El pequeño santuario que hoy preside la capilla con velas derretidas, no anima demasiado a entrar al atardecer, sobre todo para quien recuerda las leyendas que envuelven este lugar casi maldito:
Un fraile jorobado con el rostro oculto bajo la siniestra capucha de su hábito aparece en las noches de luna llena atravesando paredes, acompañado de dos mujeres etéreas. Dicen que es el fantasma de un cura que habitó la casa hace ya más de dos siglos. El hombre reacio a pagar ni un duro por las obras de A Escusalla, mataba y enterraba a los constructores en el patio, todo un ángel el sacerdote…
La gente de los alrededores cuenta haber tenido encuentros aterradores o haber visto extrañas luces entre la maleza que se cuela por sus ventanas. También se habla de un tal Roque, portugués allí afincado que sufría estas apariciones hasta que se le halló muerto en extrañas circunstancias uno de esos días que bajaba huyendo despavorido hacia la aldea.

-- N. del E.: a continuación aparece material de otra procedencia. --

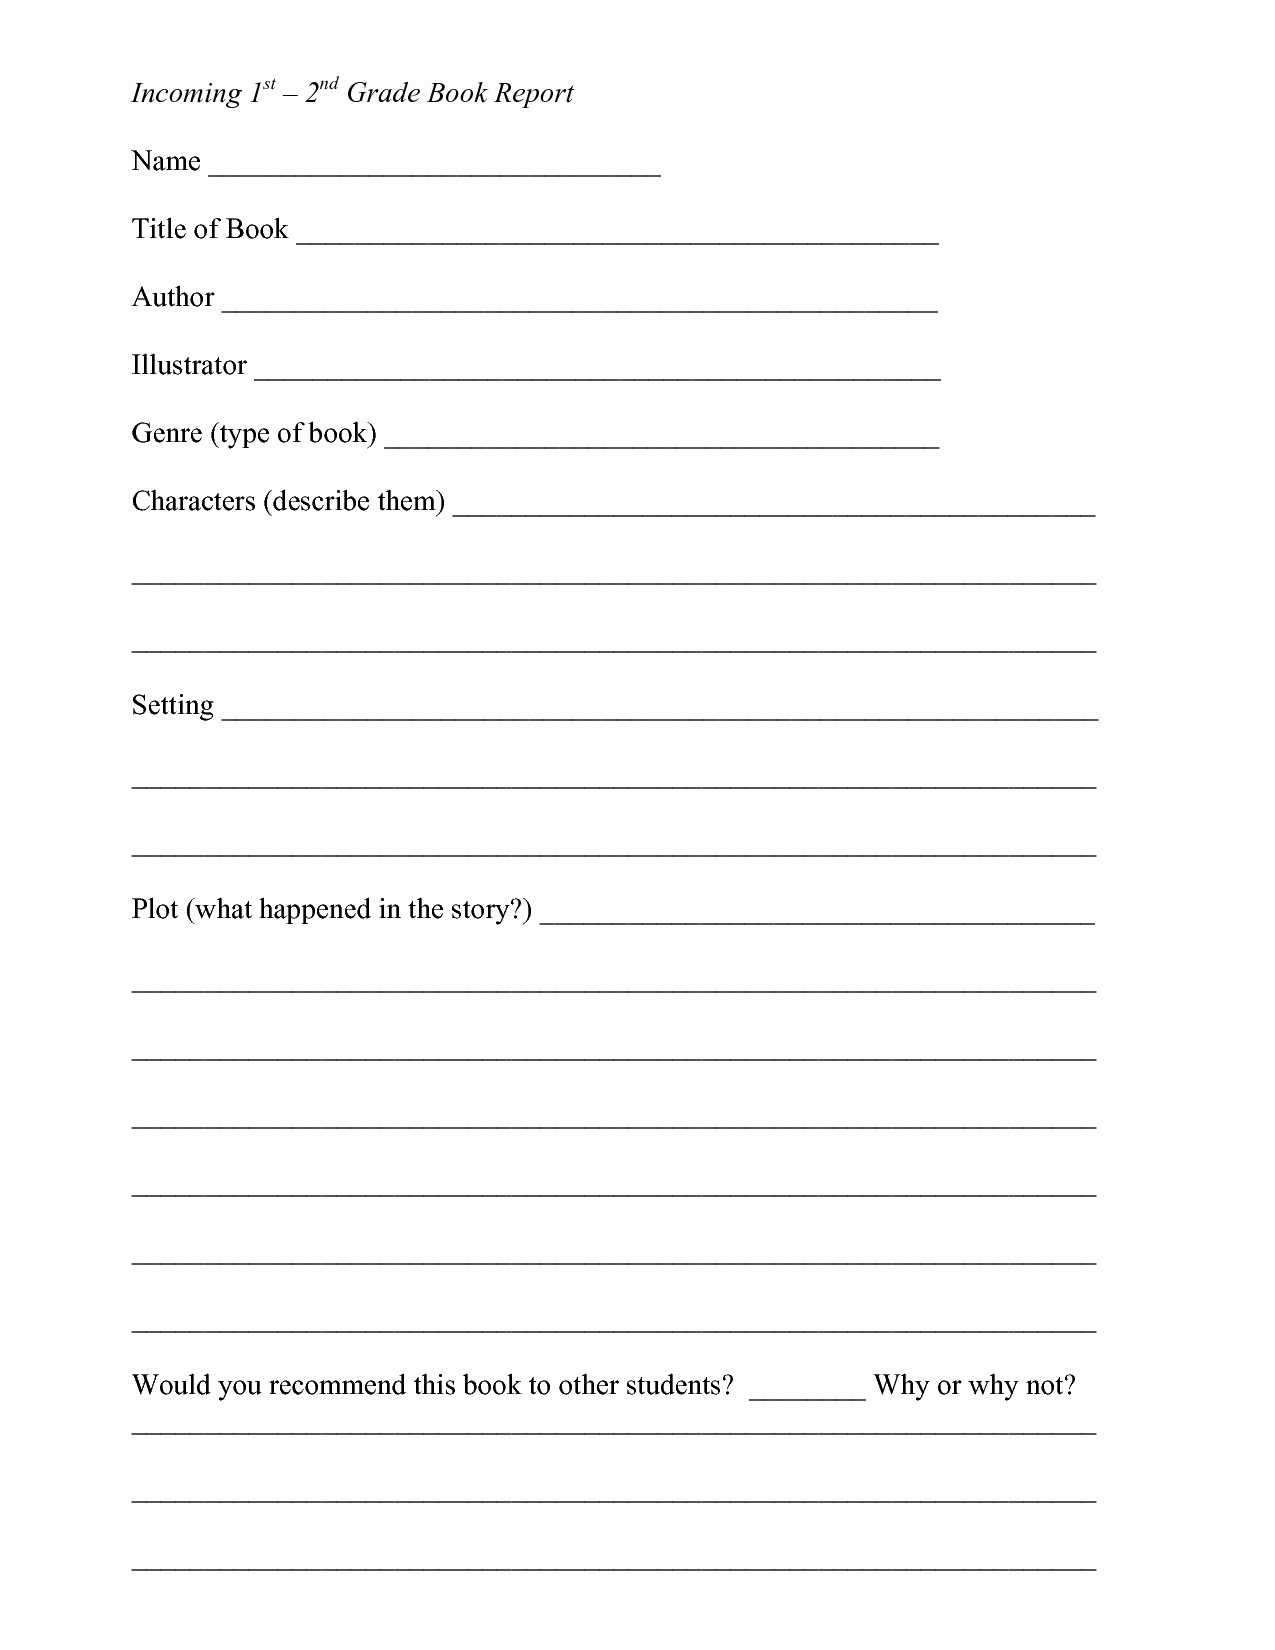 1St Grade Book Report Worksheets | Printable Worksheets And Throughout 1St Grade Book Report Template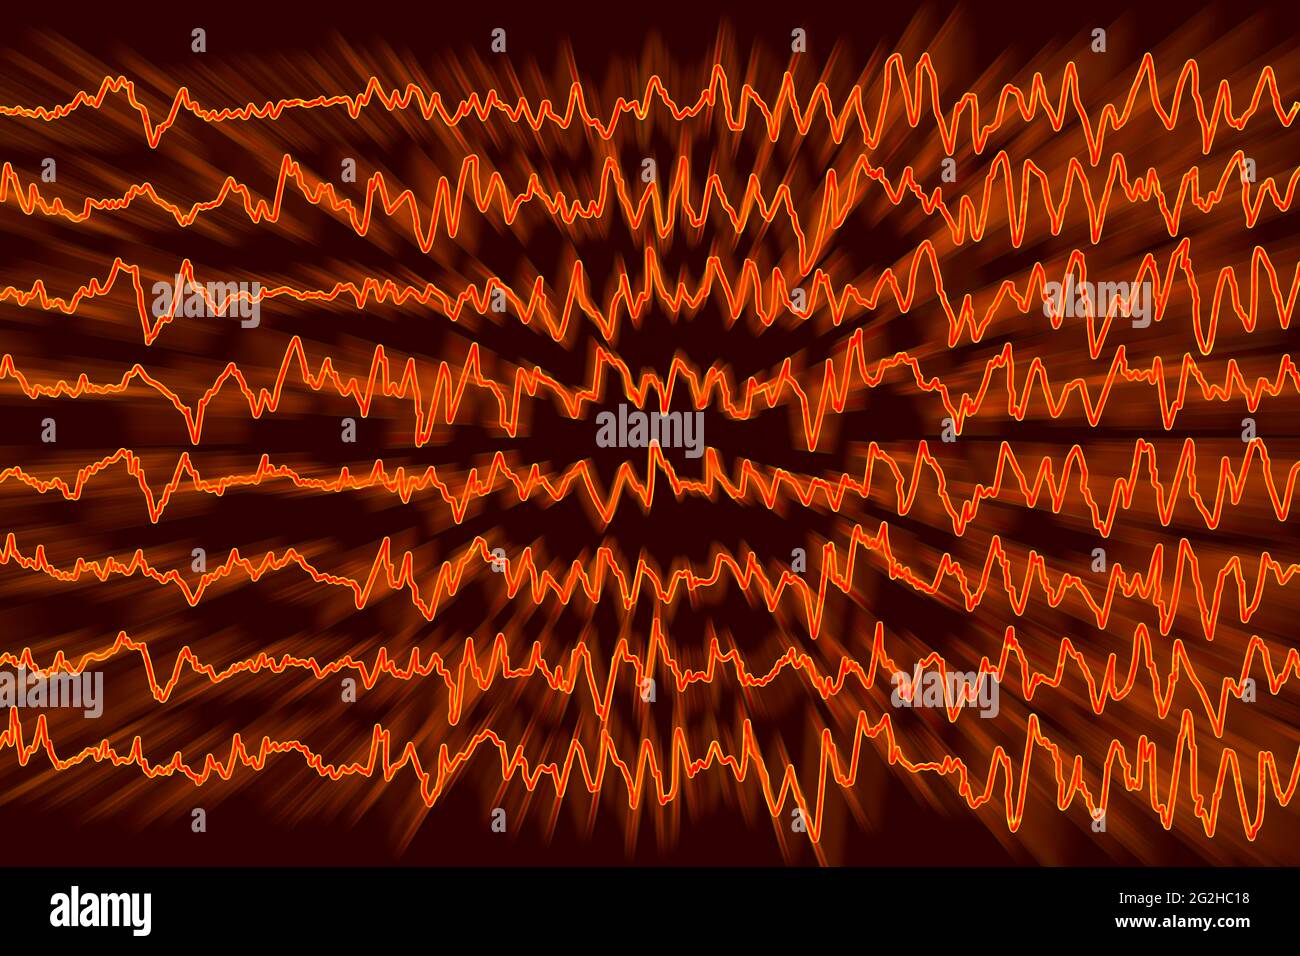 Brain waves in migraine, illustration Stock Photo

Y es que A Escusalla está situada en lo alto del monte, un lugar sobrecogedor no solo por su leyenda maldita, sino también por sus imponentes vistas. Desde arriba se contempla el embalse que algo más abajo asoló al pueblo de Aceredo, otro lugar fantasma que surge de las aguas cuando la sequía arrecia. Su historia no es menos dramática: un acuerdo entre dictadores permitió que en los años 90 se llenara el embalse de Lindoso que obligó a sus gentes a abandonar la aldea, dejando sumergidos sus enseres y sus sueños, su vida, en definitiva. Ahora es un pueblo fantasma que desaparece anegado y luego reaparece mostrando esa melancolía propia de los lugares olvidados. En verano la aldea se llena de turistas curioseando entre las casas abandonadas, pero es en las tardes de otoño cuándo el vacío y un silencio denso se apoderan de las calles de Aceredo, provocando una extraña sensación, una mezcla de calma y desasosiego.
Al lado de la antigua casona de A Escusalla se descubre también el inicio de uno de los senderos más bonitos de O Xurés que bordea el río Mao atravesando viejos molinos por un bosque de aspecto encantado. Aunque la ruta es muy hermosa durante el día, al atardecer las sombras dibujan formas retorcidas, como seres extraños que invaden el monte transformándolo en una lúgubre pesadilla.
Pero esa es la magia de estas tierras fronterizas, un lugar misterioso y fascinante que en verdad merece la pena conocer. Eso sí, hay que poner cuidado y evitar que la noche nos atrape y, desorientados, nos arrastre hasta adentrarnos en los siniestros muros de la casa de A Escusalla, de donde tal vez nunca podamos salir.